**What you are asked to do**.
Write out exactly the lines below that run from the one containing "DA-820 Series IEC" through the one containing "General 1920x1080 Game", both included, with no other lines.

**Exercise materials**.

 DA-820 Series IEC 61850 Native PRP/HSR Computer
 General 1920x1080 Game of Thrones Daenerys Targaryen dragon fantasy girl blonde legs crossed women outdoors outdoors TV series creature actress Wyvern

* * *

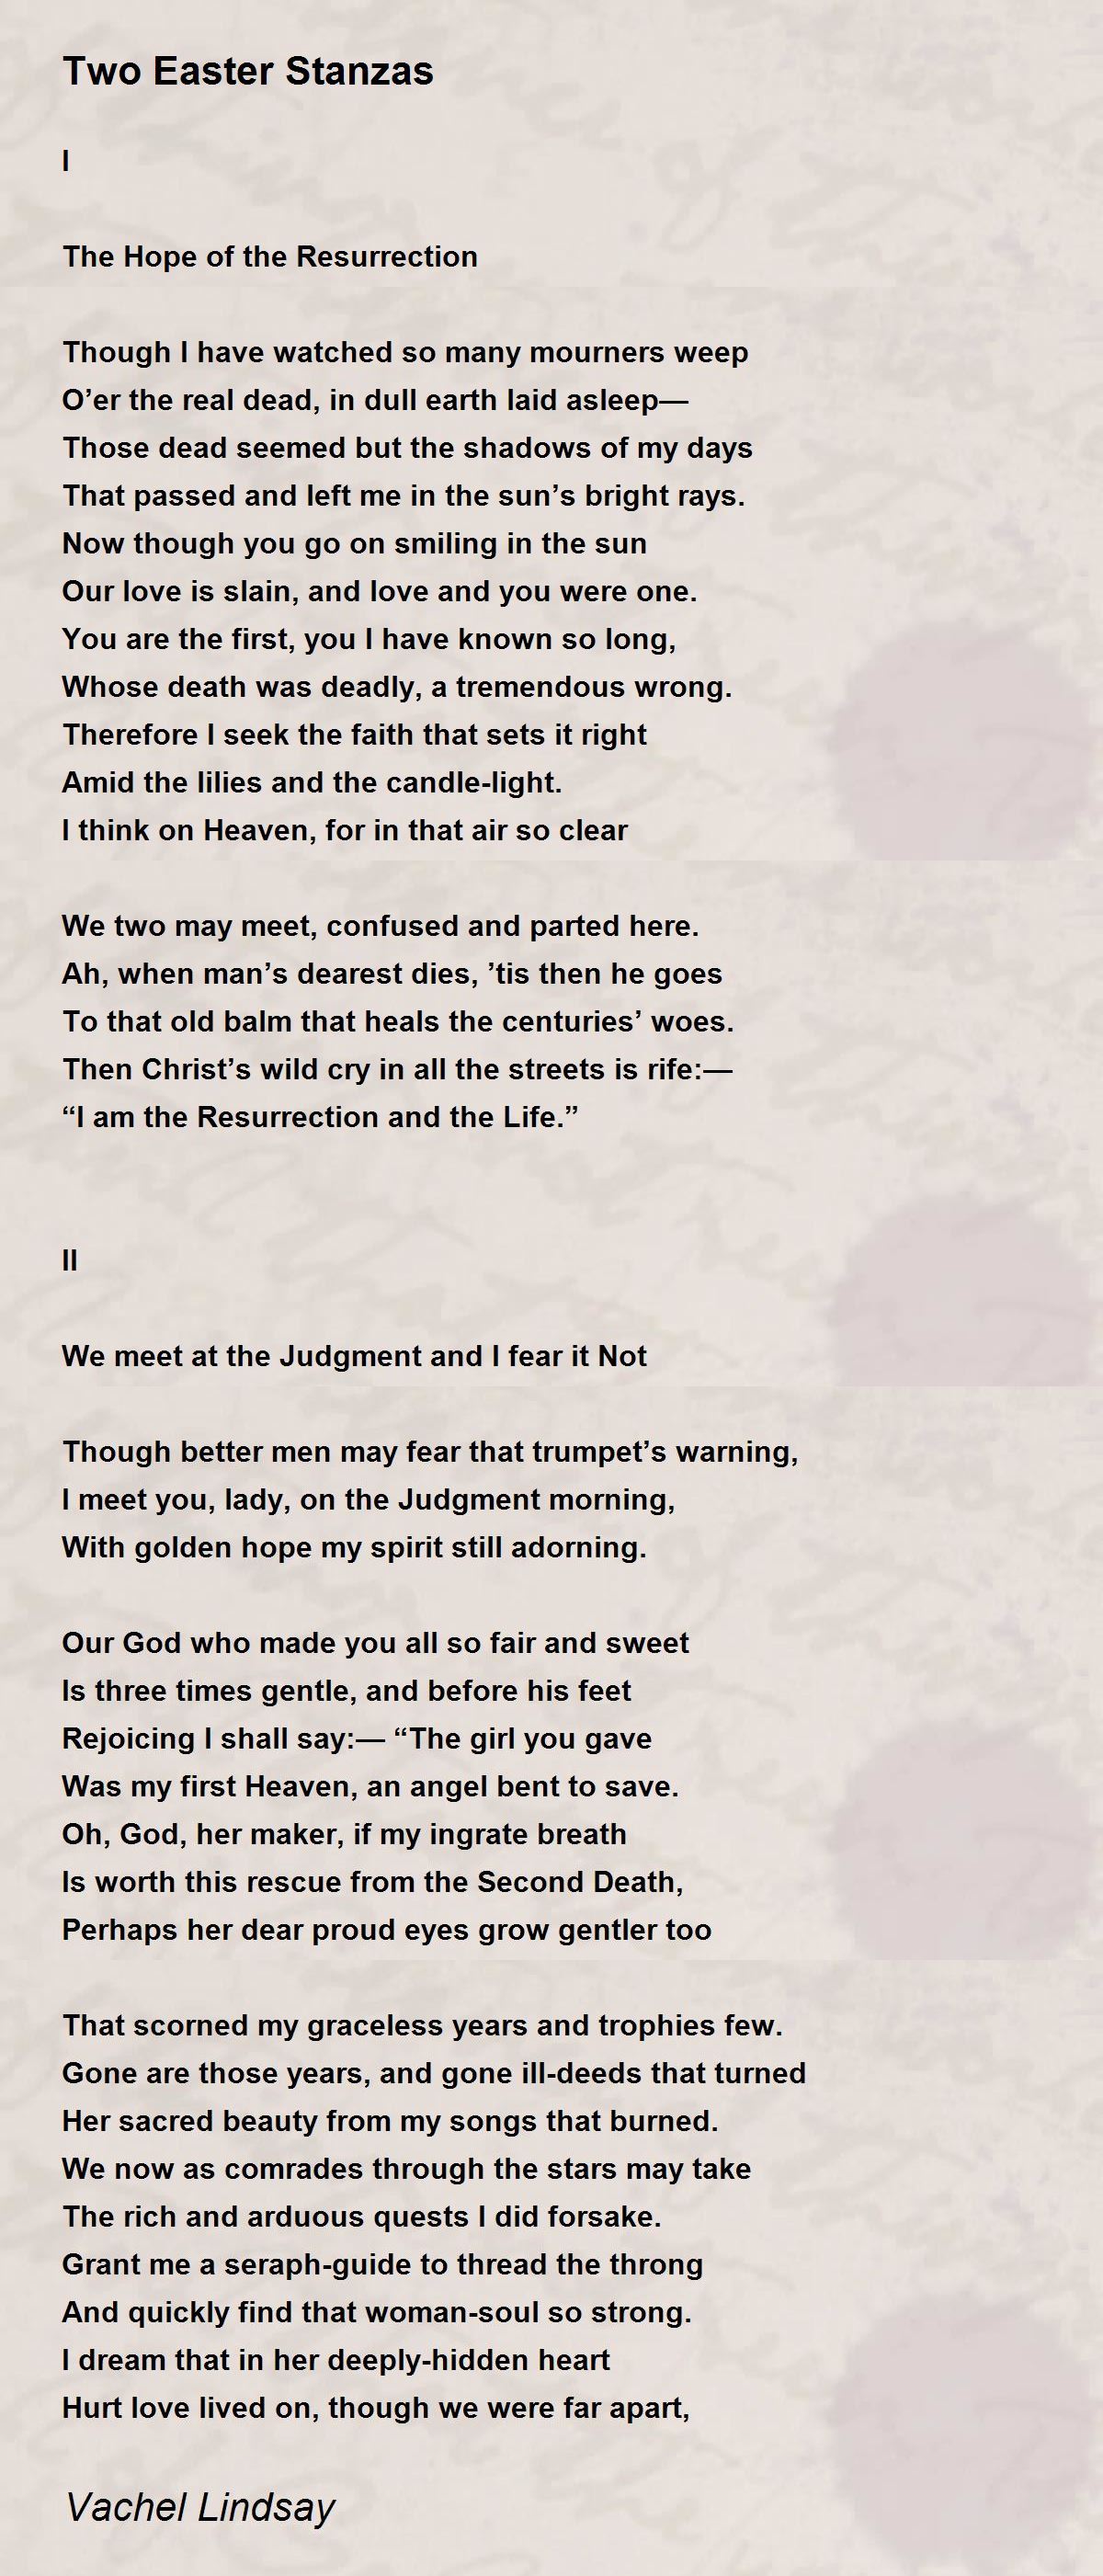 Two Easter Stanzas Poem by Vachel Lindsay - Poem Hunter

**Exercise answer**.
 DA-820 Series IEC 61850 Native PRP/HSR Computer
 General 1920x1080 Game of Thrones Daenerys Targaryen dragon fantasy girl blonde legs crossed women outdoors outdoors TV series creature actress Wyvern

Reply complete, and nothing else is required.